U.S. Backs Off Plan to Reduce Medicare Payments to Doctors
WASHINGTON — Under heavy pressure from doctors and Congress, the Department of Health and Human Services has backed off a plan that would have cut Medicare payments to physicians by $6.9 billion over the next five years, sources said Saturday.
The decision came after a firestorm of protest from the medical community, which accused the department of bad faith and of flouting congressional intent in devising a new fee schedule designed to pay family doctors relatively more and surgeons relatively less than they receive now.
Physicians said the new schedule was supposed to be “budget neutral,” reallocating but not reducing overall payments.
A redrafted will achieve the goal of paying family physicians and general practitioners more and surgeons less. But it will not reduce the total amount of money doctors would have received under current law as the initial draft would have done, sources said.

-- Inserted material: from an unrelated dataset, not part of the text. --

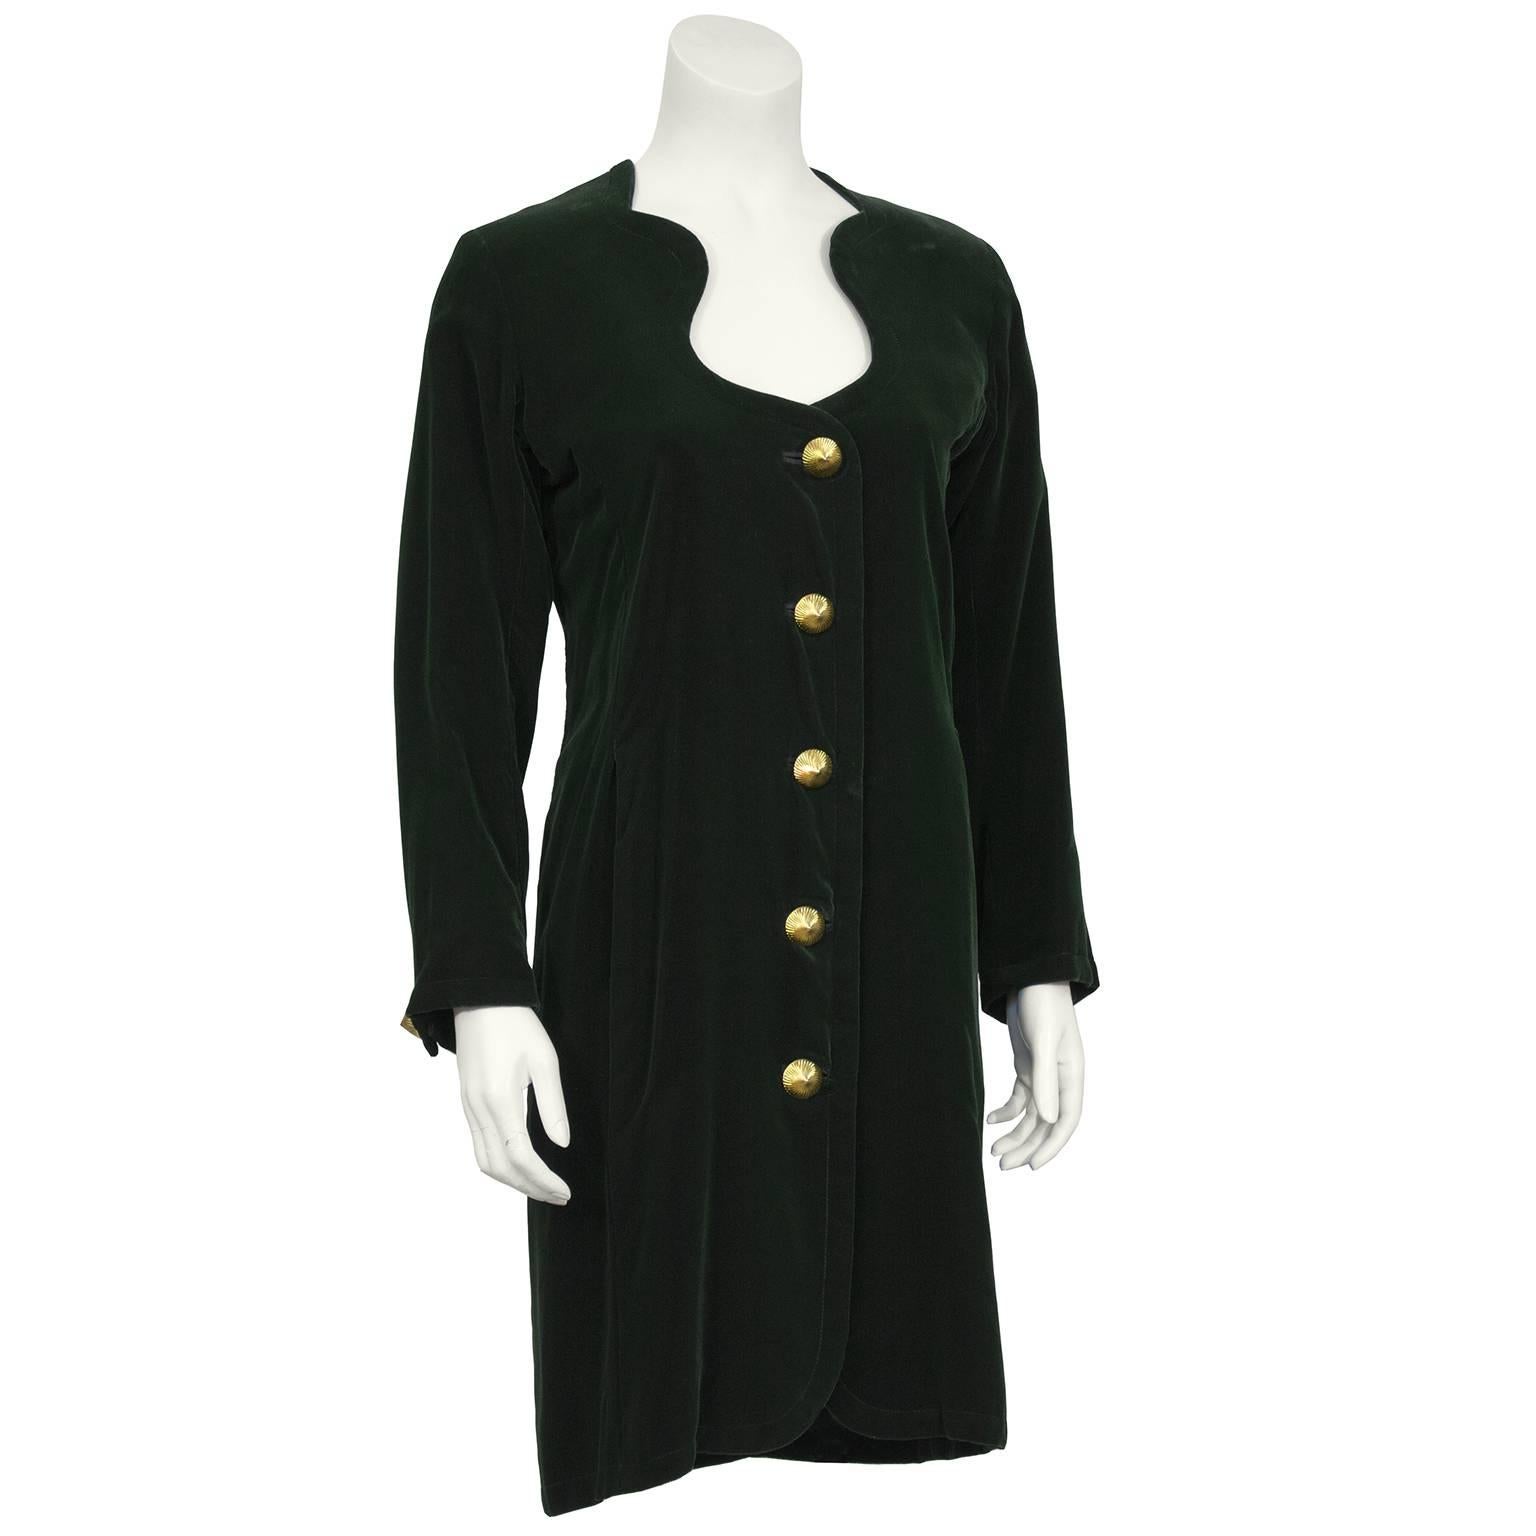 Late 1980's YSL/Yves Saint Laurent hunter green velvet fitted dress with matte gold cone shaped metal buttons up the front and and hour glass sweetheart neckline. Form fitting with seams down the front and back. Fits like a US size 6. In excellent

As a result, the sources said, the new fee schedule will be “budget neutral.” If the current system had been continued, an estimated $198 billion would have been paid out over the next five years for doctor services. Under the new schedule, even though some doctors will get less than they would have and others will get more, total payments will still be $198 billion.
The $6.9-billion cut initially proposed by HHS had been described by Medicare administrator Gail R. Wilensky as an unintentional side effect of technical language in a 1989 law that ordered the Department of Health and Human Services to revise Medicare fees.
The law’s aim was to improve fairness and uniformity in the Medicare payment rates for doctors by increasing payments for “undervalued” services, such as those provided by family physicians and general practitioners, while reducing them for “overvalued” services such as surgery and some high-tech procedures.
Congress insisted on a budget-neutral schedule so that its attempts to make payments fairer could not be portrayed as a pretext to slash spending.